*** Opening of Data segment ***

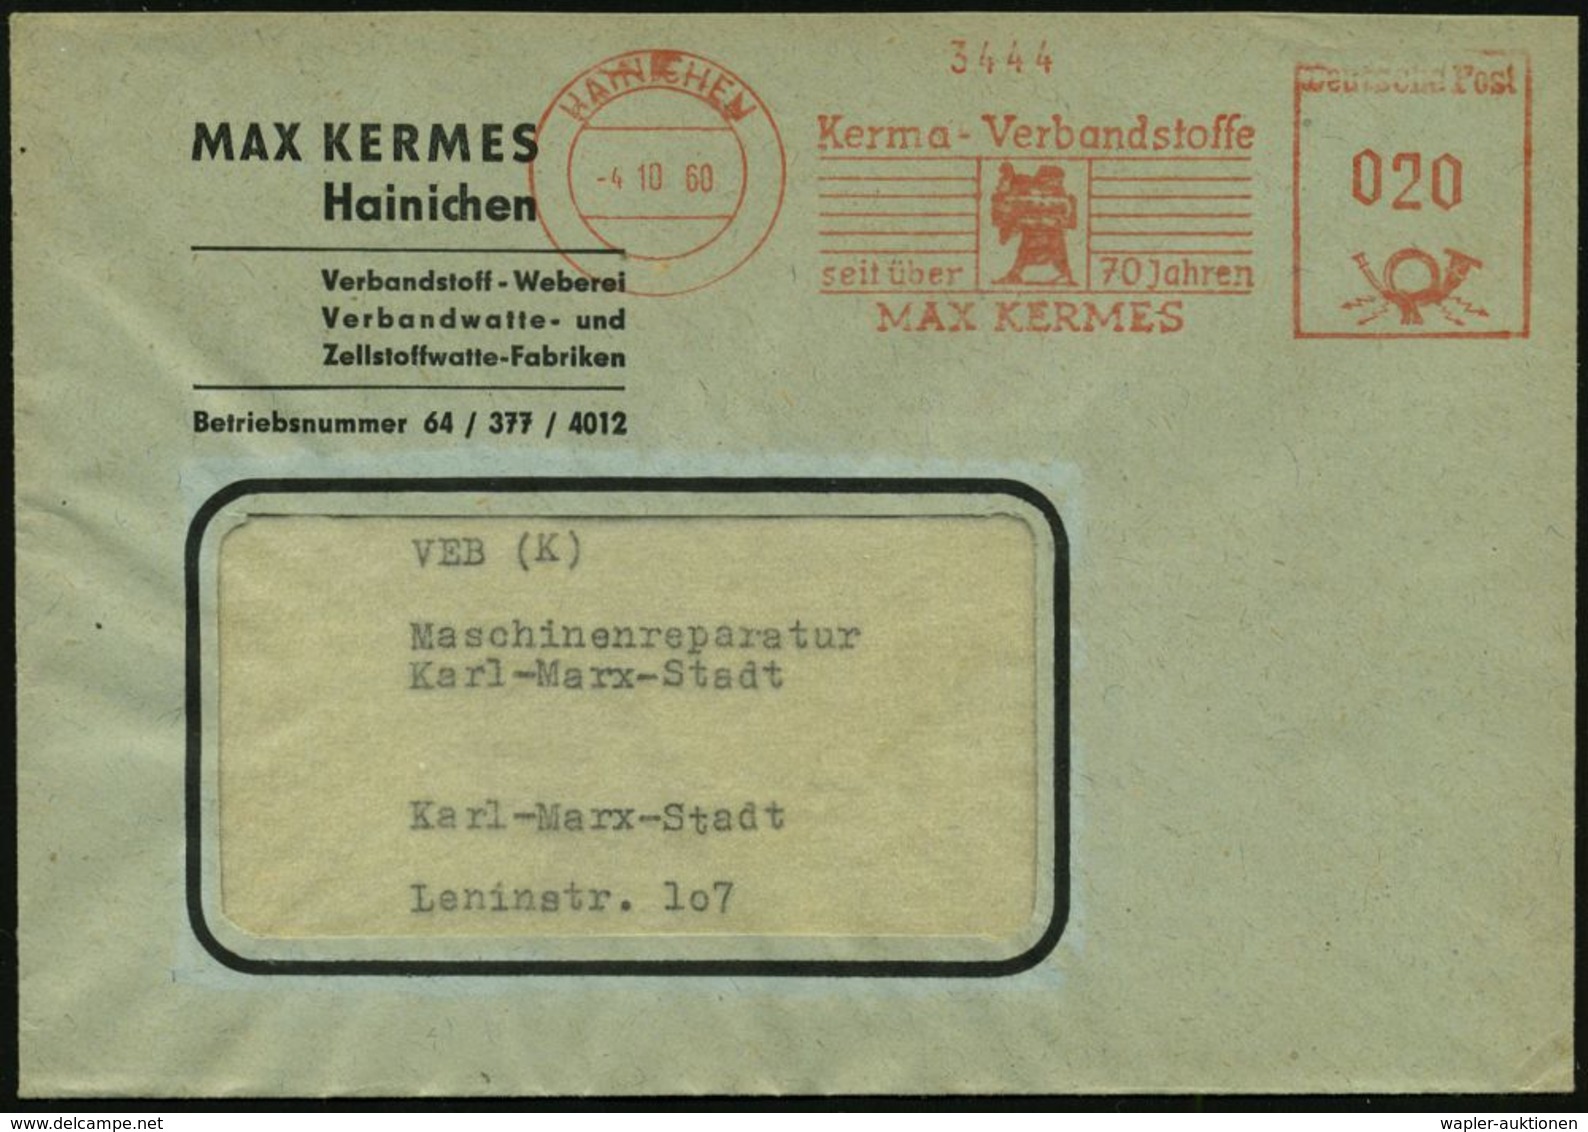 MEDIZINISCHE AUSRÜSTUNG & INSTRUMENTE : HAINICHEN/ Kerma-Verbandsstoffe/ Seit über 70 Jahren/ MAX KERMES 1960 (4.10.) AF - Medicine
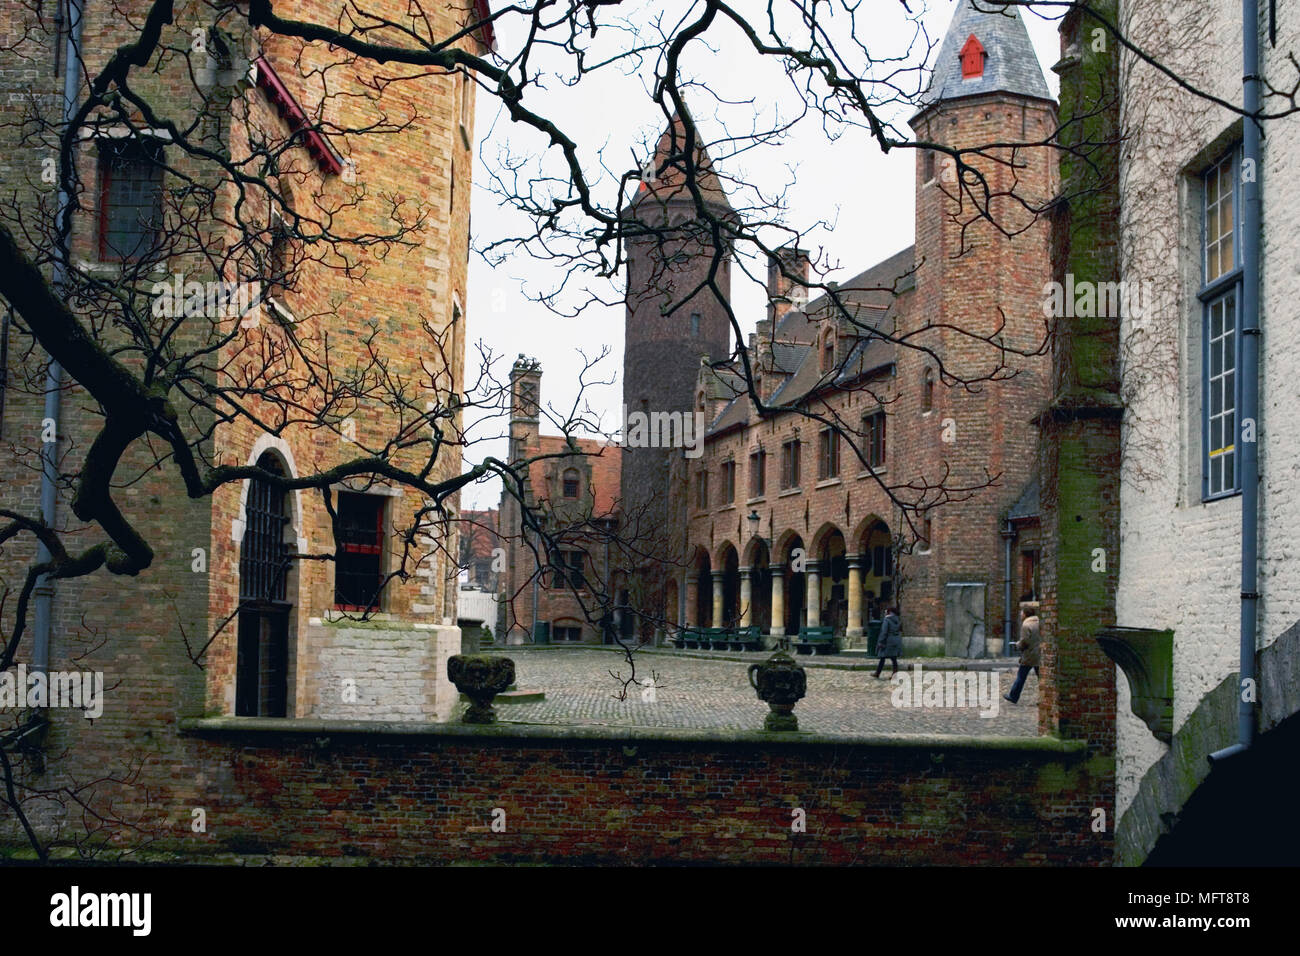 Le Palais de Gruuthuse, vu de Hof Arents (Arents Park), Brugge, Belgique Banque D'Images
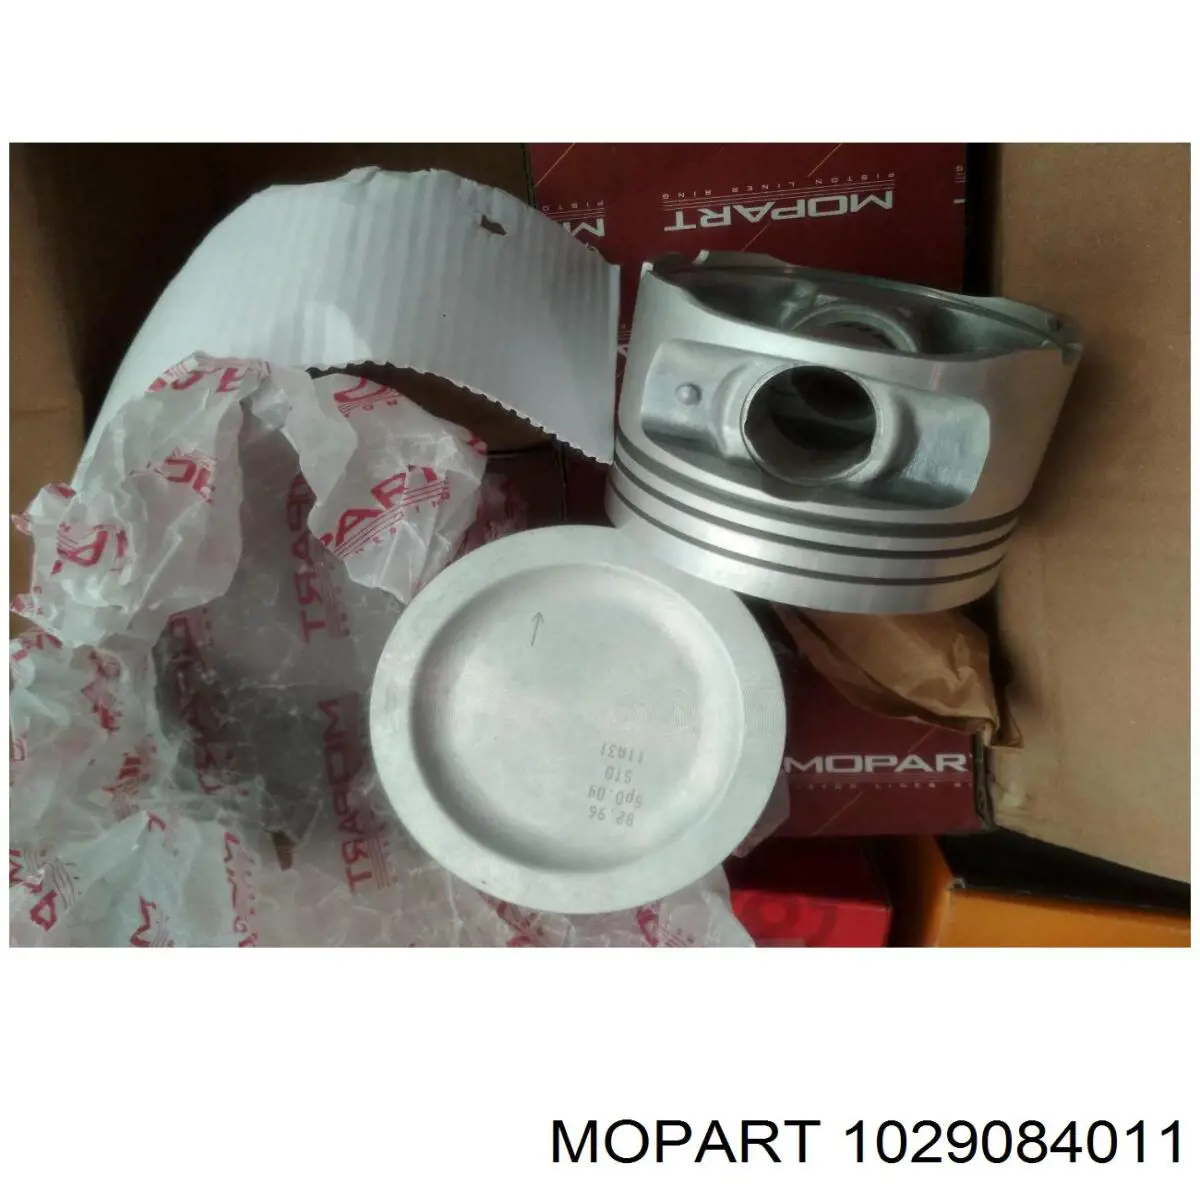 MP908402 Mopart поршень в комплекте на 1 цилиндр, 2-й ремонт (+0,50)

*** Close of Data segment ***

The task - Every line of the listing is to be repeated exactly, and the pictures are to be dropped.

Answer for the task -
 MEDIZINISCHE AUSRÜSTUNG & INSTRUMENTE : HAINICHEN/ Kerma-Verbandsstoffe/ Seit über 70 Jahren/ MAX KERMES 1960 (4.10.) AF - Medicine
 Le Palais de Gruuthuse, vu de Hof Arents (Arents Park), Brugge, Belgique Banque D'Images
 MP908402 Mopart поршень в комплекте на 1 цилиндр, 2-й ремонт (+0,50)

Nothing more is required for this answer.